Post-quantum cryptography is becoming critical as quantum computers get closer to breaking today’s RSA and ECC systems. One of the most practical quantum-resistant digital signature algorithms is XMSS (eXtended Merkle Signature Scheme).
In this post, we’ll break XMSS down with plain language and a toy example, so you can see how it works.
🔑 What is XMSS?
XMSS is a hash-based signature scheme. Instead of relying on number-theory problems like factoring (RSA) or elliptic curves (ECC), it uses hash functions (like SHA-256) as its only building block.
XMSS is stateful → it keeps track of how many times it has signed. Each key pair can only sign a limited number of messages (determined when the key is created).
🧩 Building Blocks of XMSS
- One-Time Signatures (WOTS+)
- Used to sign a single message safely.
- But since it can only be used once, we need a way to combine many of them.
- Merkle Tree
- A tree structure that combines many one-time keys into a single root (public key).
- The root acts as the master public key.
Together:
- The leaf nodes of the tree = one-time public keys.
- The root = your overall public key.
🌱 A Toy Example (XMSS with 4 Signatures)
Let’s imagine we want an XMSS key pair that can sign 4 messages.
Step 1: Generate One-Time Keys
We create 4 WOTS+ key pairs:
- SK₁ / PK₁
- SK₂ / PK₂
- SK₃ / PK₃
- SK₄ / PK₄
These are our “leaf nodes”.
Step 2: Build the Merkle Tree
We now hash these pairs to form a binary tree:
vbnetCopyEdit Root (Public Key)
/ \
Hash1 Hash2
/ \ / \
PK1 PK2 PK3 PK4
- The root hash is the XMSS public key.
- The private key stores all the one-time secret keys (SK₁ … SK₄).
Step 3: Signing a Message
Suppose we want to sign Message A.
- Use the first unused one-time key (SK₁).
- Generate a WOTS+ signature for
Message A. - Include the authentication path → the hashes needed to prove that PK₁ is part of the Merkle root.
So the signature includes:
- The WOTS+ signature using SK₁
- The “path” (PK₂, Hash2) that lets the verifier rebuild the root
Step 4: Verification
- Verifier checks the WOTS+ signature against PK₁.
- Verifier uses the authentication path to recompute the Merkle root.
- If it matches the known root (the public key), the signature is valid ✅.
🚦 Why XMSS Matters
- Quantum resistant: Relies only on hash functions.
- Forward secure: Even if later keys are exposed, old signatures remain safe.
- Standardized: XMSS is in RFC 8391 and approved by NIST SP 800-208.
📌 Limitations
- Stateful → you must carefully track how many signatures you’ve used. Reusing a WOTS+ key breaks security.
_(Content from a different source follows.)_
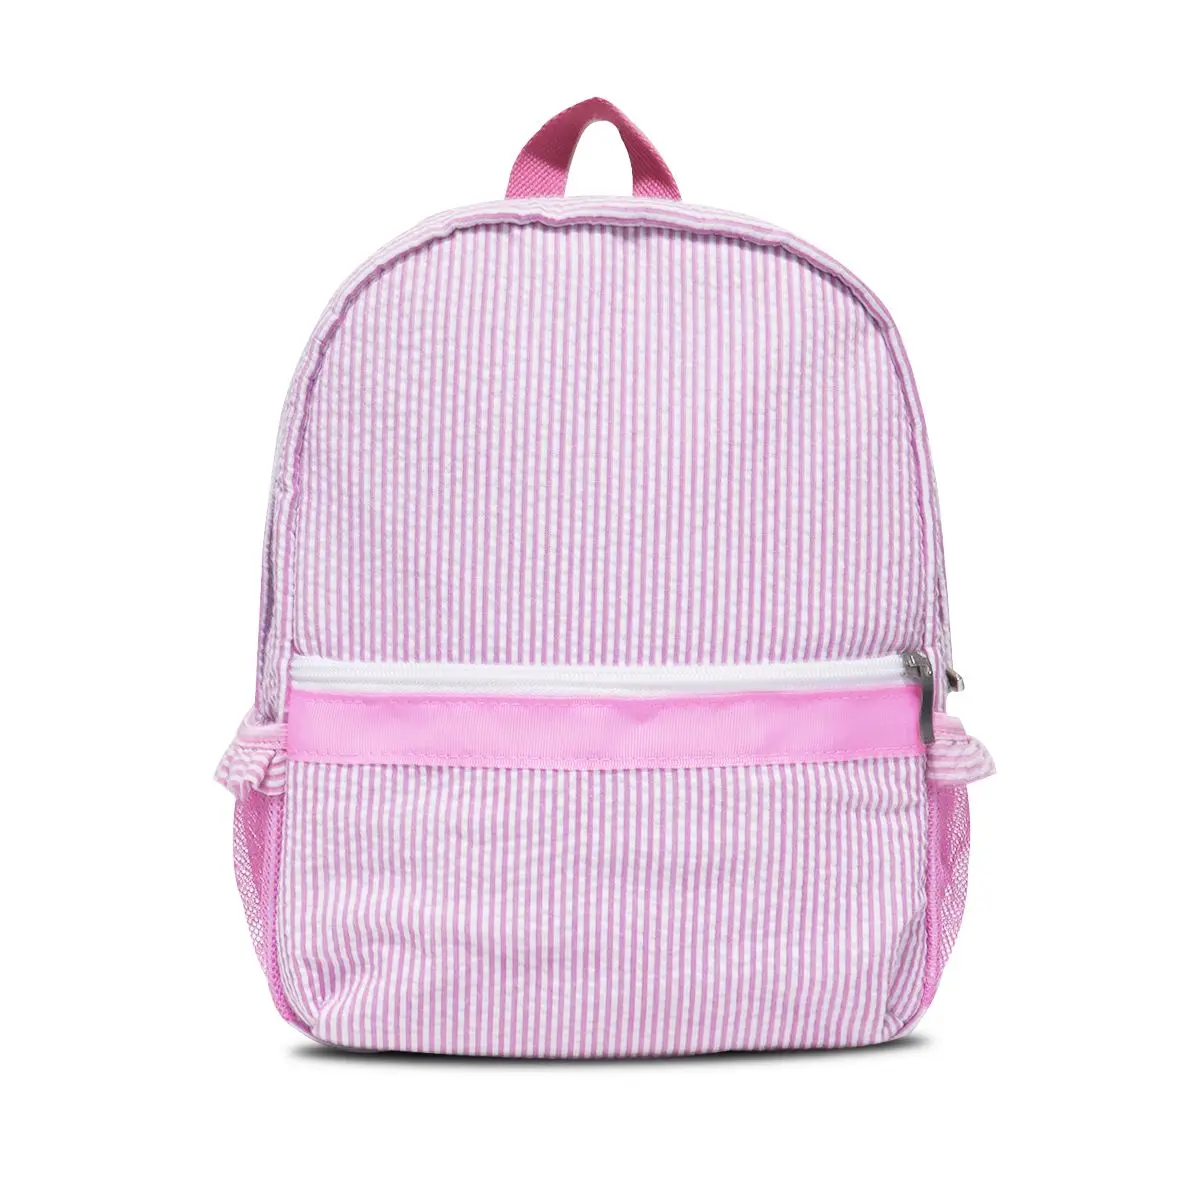 Todder School ruffle seersucker backpack travel set with cosmetic bag seersucker weekender duffle plaid gingham bags Dom103

- Signature size → larger than RSA/ECC, but still practical.
🎯 Conclusion
XMSS shows how we can use hash functions and Merkle trees to build strong, quantum-safe digital signatures. By combining one-time keys with a tree structure, XMSS creates a secure and efficient post-quantum signing system.
It may look complex at first, but at its heart, XMSS is just:
- One-time signatures (WOTS+)
- Organized with a Merkle tree
That’s the beauty of hash-based cryptography!